Due to uncertainty about the possible combined effect of PEDOT:PSS and electrostimulation, the square DC electric pulses (1 Hz, 200 mV/mm, pulse duration 100 ms) based on the work of Hernandez et al. in 2016 [33
] were applied in the two-electrode mode. In the literature, there is a range from 60 mV/mm to 750 mV/mm that is covered for various type of cells [33
]. The voltage used in the present study corresponded to magnitude of endogenous physiological DC electrical fields that occur in animal tissues (10–200 mV/mm) [39
]. Further, such electrostimulation produced a discernable biological effect, speeding up the cardiomyocyte-beating onset during the differentiation (see Section 2.2
) The results clearly showed about 35 times higher capacitive current mediated by the PEDOT:PSS-covered electrodes compared with the gold electrodes. This generally corresponds with the ability of PEDOT:PSS to form high-electrical-capacity bio-interfaces [40
]. The faradaic currents were about six times higher for PEDOT:PSS; hence, such material produced a one-order-of-magnitude-higher ratio of capacitive to faradaic current. The faradaic current can be described by the electrocatalytic properties of PEDOT [41
] towards oxygen reduction [42
]. The essential component of electrostimulation on both platforms was capacitive current compared to the relatively low faradaic one. However, it cannot be excluded that a minor electrocatalytic oxygen reduction could affect cells in further experiments. Additionally, a PEDOT:PSS-based platform can produce less reactive oxygen species due to the oxygen reduction per electrical current in a pulsed mode of electrostimulation.
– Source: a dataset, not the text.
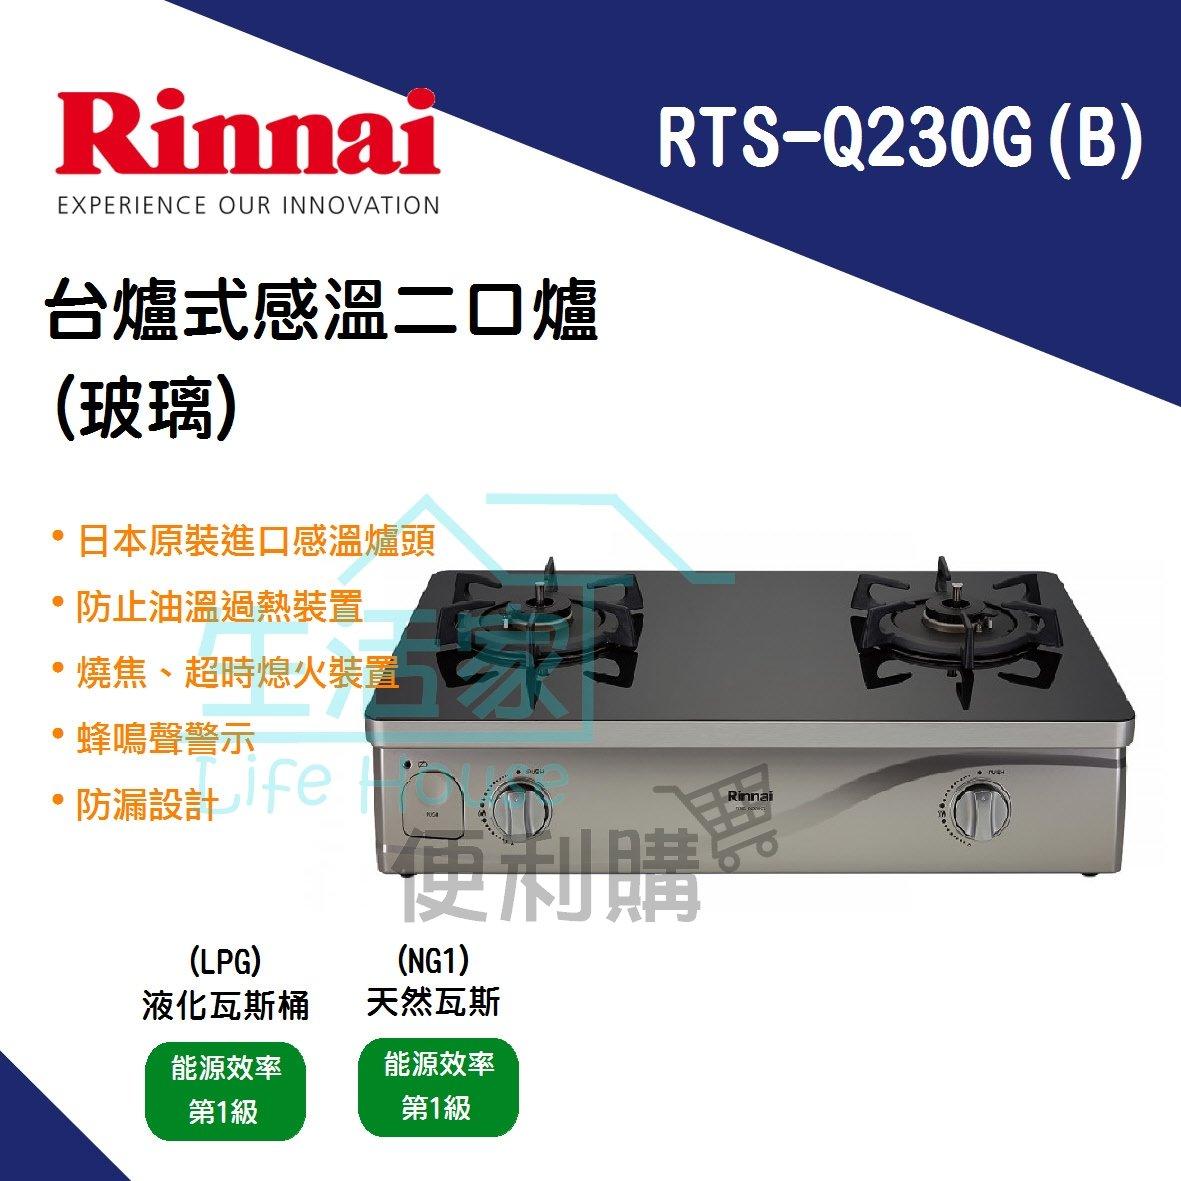 【 家便利購】《附發票》林內牌 RTS-Q230G(B) 台爐式感溫二口爐(黑玻璃) 瓦斯爐  感溫爐頭
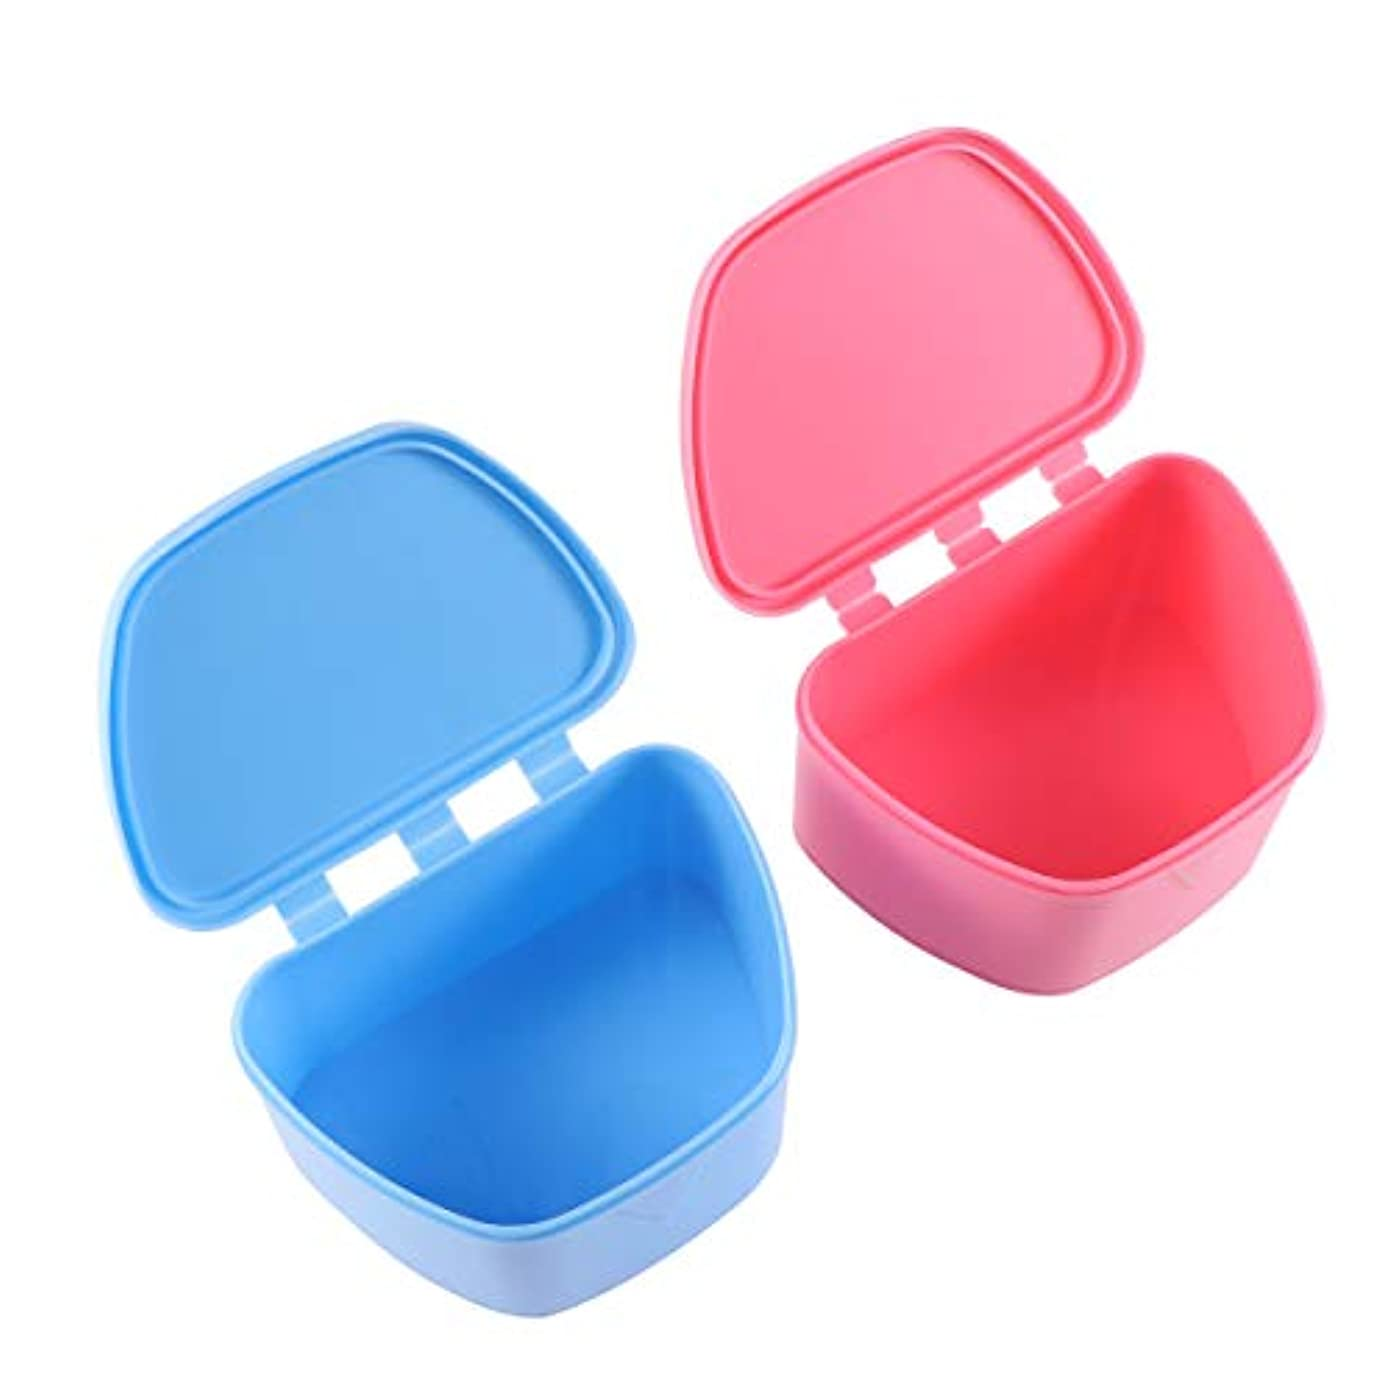 不要日没後Healifty 歯科ケース義歯収納ボックス矯正歯科ボックス2個(青とロージー)

First, a proof-of-concept experiment with the PEDOT:PSS platform was carried out in order to determine if ESCs can produce an early response to the selected mode of electrostimulation. Our data showed that these cells could sense the stimulation as they responded with changes in membrane potential and an increase in cytosolic calcium. Such a finding is in accordance with the fact that even very short electrostimulation can have an effect on cell differentiation [33
], and we point to an early mechanism dependent on membrane depolarization behind such a response. Further, the data on the cytosolic-calcium level indicate that a longer electrostimulation has the potential to elicit a more pronounced response, which could be reflected in more intense late events. Indeed, the 15 min-long electrostimulation caused beating loci to occur about 1–2 days earlier compared to culture plastics and the platform without electrostimulation.
For differentiation, a general protocol was used. This approach did not induce any specific direction of stem-cell differentiation [43
]. Hence, it provided a sensitive tool to observe if the electrostimulation of the PEDOT:PSS and gold platforms, or the platforms themselves, can modulate possible directions of differentiation. As a model system, we chose a fine balance between differentiation of ESCs to cardiomyocytes and neural cells [45
]. Thus, for cardiomyogenesis the expression of transcription factor Nkx2.5 and the structural genes encoding the components of the contractile apparatus—Myh6, Myh7, Myl2, and Myl7—were chosen. The early neurogenesis was judged based on the expressions of Sox1 and Nestin in combination with the level of antigen LewisX. Additionally, expressions of Pax6, Mash1 and Tuj1 were determined to characterize later stages of neurogenesis [44
There was a marginal trend towards elevated cardiomyogenesis due to electrostimulation regardless of the platform type, as demonstrated by the Nkx2.5 expression. This was in accordance with the earlier onset of beating after electrostimulation (see above). The expression of genes Myh6, Myh7 and Myl7 was elevated on the PEDOT:PSS platform regardless of electrostimulation. The absence of such an effect on the gold platforms strongly indicated the predominant impact of the PEDOT:PSS material to boost cardiomyogenesis. Further, it implied no effect of the gold platform itself on cardiomyogenesis.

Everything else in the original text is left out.